1.2 NTI agrees to produce and thereafter to supply BMS with (a) [*] of
ganglioside GM2; and (b) up to [*] of ganglioside GD2 (total GD2 requirement to
be defined by BMS prior to its manufacture being initiated by NTI). These
quantities of ganglioside will be manufactured under GMP conditions, unless NTI
is otherwise instruction by BMS, in accordance with the timetable set forth in
Appendix A. These quantities of ganglioside will also be manufactured to meet
all quality targets and/or specifications as mutually agreed to by BMS and NTI
in accordance with Article 1.1 hereinabove.
1.3 Articles 1.1 and 1.2 taken together and in their entirety shall
hereinafter be referred to as the "PROJECT."
1.4 NTI agrees to commence work on the PROJECT upon the effective dat of
this Agreement, which shall be the first date written hereinabove (the
"Effective Date") and to use its best efforts to expeditiously complete the
PROJECT within the timetables set forth in Appendix A.
1.5 NTI acknowledges that all quantities of gangliosides GM2 and GD2
produced by NTI under the terms of this Agreement are the exclusive property of
BMS and may be used by BMS for any legitimate business purpose within the Field
(as defined in Article 9.3 of this Agreement) subject to the provisions of
Article 9 of this Agreement. In the event NTI produces any quantities of GMS or
GD2 materials in excess of quantities set forth in this Agreement, NTI shall
either transfer any and all such excess quantities to BMS based on the prices
set forth in Appendix A or, alternatively, at the sole discretion of BMS, NTI
shall destroy any and all of such excess quantities of GM2 and GD2 materials.

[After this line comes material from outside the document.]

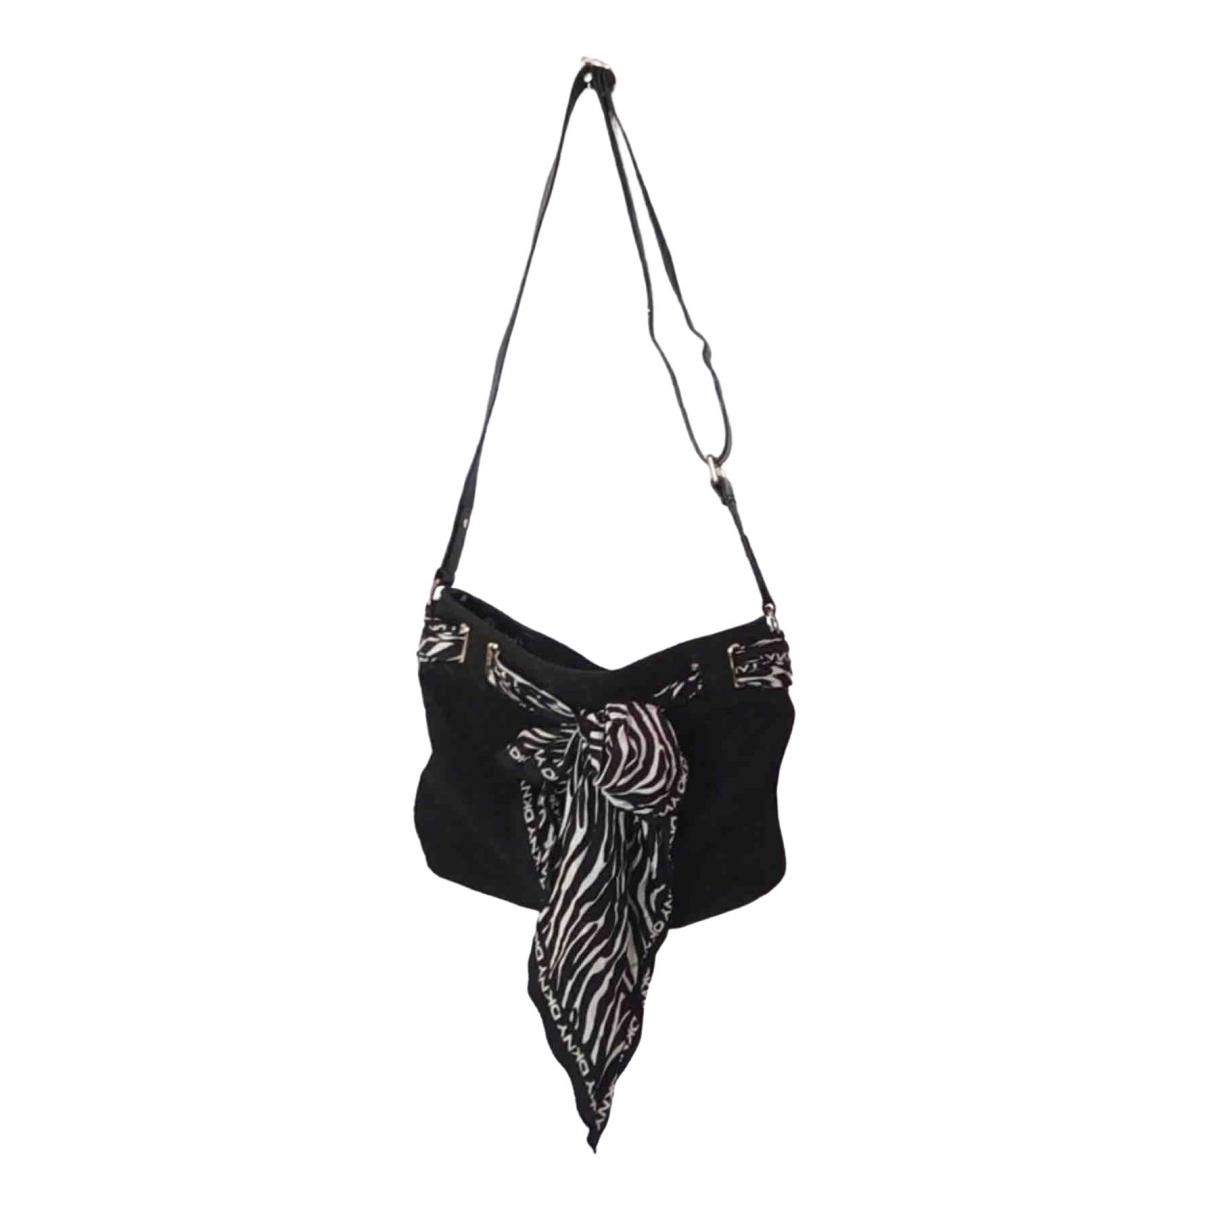 Dkny \N Black handbag for Women \N

1.6 NTI agrees to perform all activities connected with the PROJECT in
accordance with all applicable laws, rules, regulations or other requirements of
local, state and federal governmental authorities.
1.7 With regard to any and all GMS and GD2 materials delivered to BMS by
NTI under the terms of this Agreement, NTI MAKES NO REPRESENTATIONS AND EXTENDS
NO WARRANTIES OF ANY KIND, EITHER EXPRESS OR IMPLIED WITH RESPECT TO THE
SUITABILITY OF GM2 AND GD2 MATERIALS FOR ANY PARTICULAR PURPOSE OR USE AND NTI
EXPRESSLY DISCLAIMS ALL IMPLIED WARRANTIES OF
[ ] We are seeking confidential treatment of these terms, which have been
omitted. The confidential portion has been filed separately with the Securities
and Exchange Commission.
2
MERCHANTABILITY AND OF FITNESS FOR ANY PARTICULAR PURPOSE OR USE OF GM2 AND GD2
MATERIALS BY BMS.
Article 2 - Compensation
2.1 In consideration of the research and development services provided by
NTI in connection with the PROJECT and the quantities of GM2 and GD2 material
provided by NTI to BMS hereunder, BMS shall pay to NTI the amounts set forth in
Appendix A in accordance with the payment schedule therein.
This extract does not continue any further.